Hamilton’s new venture has sparked a mixed reaction on social media, dividing those who support her efforts from others who believe that she’s being racially discriminatory. Some are hailing the move for its attempt to address the stubborn lack of diversity in venture capital funding.

Others are decrying the new fund’s exclusion of whites. Hamilton, who has been a staunch and unapologetic champion of underserved entrepreneurs for years, including women, people of color, and LGBTQ founders, seems unfazed by any of the outside responses, writes Black enterprise.

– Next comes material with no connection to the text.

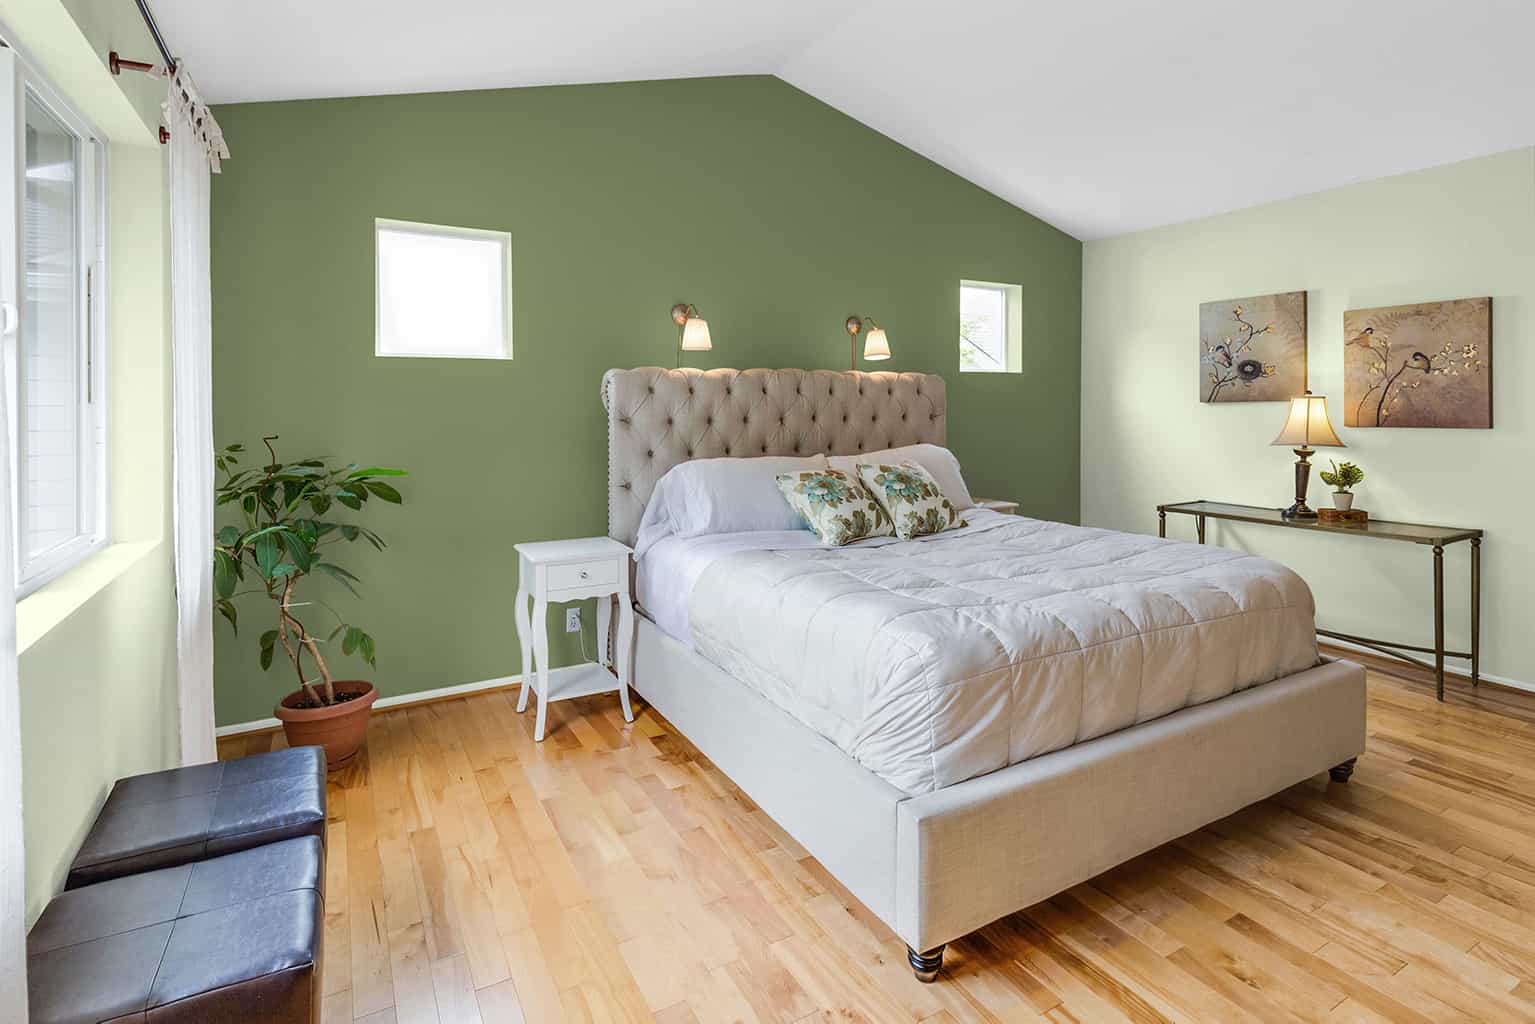 Designer Bedroom Paint Colors Bedroom Paint Colors Choosing Choose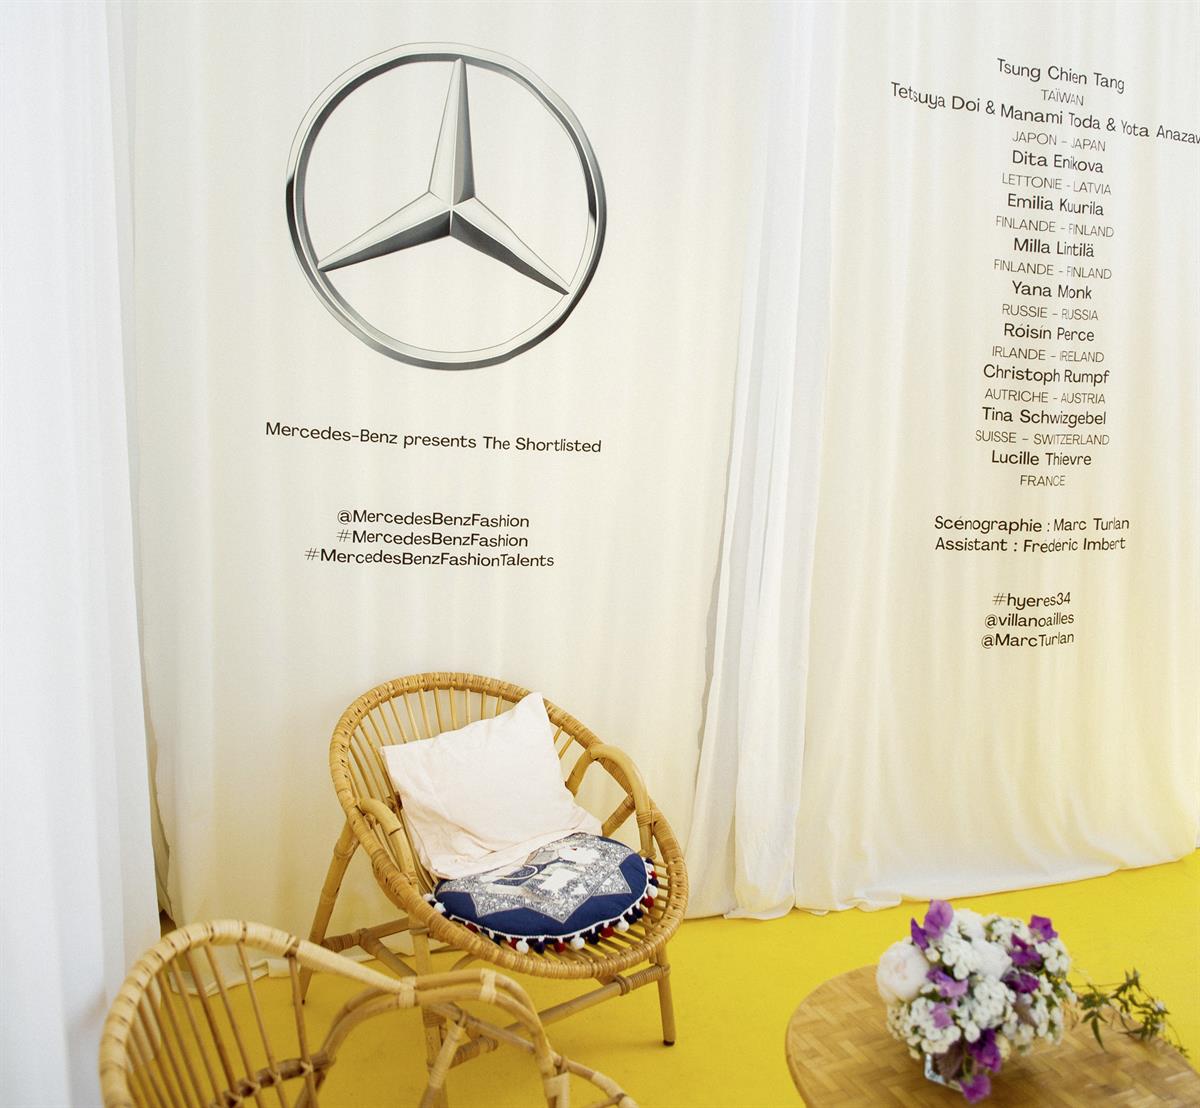 Mercedes-Benz präsentiert österreichischen Nachwuchs-designer Christoph Rumpf bei der Berlin Fashion Week

“When you talk to a group of White, affluent male investors and tell them you’re investing in women of color, the first thing that comes out is, `Oh that’s really nice of you. That’s a great mission.’ They immediately correlate us to needing a helping hand,” she said in an interview with Fortune several months ago. “This is not that.”

In 2017, female founders received only 2.2 percent of the $85 billion invested by venture capitalists, according to PitchBook data. The prospects are even worse for women of color: A study by First Round Capital suggested that in 2015, a mere 0.2 percent of all funding went to companies run by women of color.

“I noticed it was the land of opportunity, but not for everyone,” Hamilton told TechCrunch’s Megan Rose Dickey in 2017. “It just dawned on me one day: If I can’t get these investors to take some of the founders seriously just because they don’t look like the last person they invested in, then maybe I should just try to put together some money and make those decisions myself.”

She added, “Black women have had to make due with far less for centuries,” Hamilton said.

The number of businesses owned by African American women grew 322 percent since 1997, making Black females the fastest growing group of entrepreneurs in the U.S.

Overall, the number of women-owned businesses grew by 74 percent between 1997 and 2015—a rate that’s 1.5 times the national average, according to the recently published “2015 State of Women-Owned Businesses Report” commissioned by American Express Open. Women now own 30 percent of all businesses in the U.S., accounting for some 9.4 million firms. And African American women control 14 percent of these companies, or an estimated 1.3 million businesses. That figure is larger than the total number of firms owned by all minority women in 1997, the report found.

“The only bright spot in recent years with respect to privately-held company job growth has been among women-owned firms,” according to the report. These businesses have added an estimated 340,000 jobs to the economy since 2007, while employment at companies owned by men (or with equally shared ownership) has declined.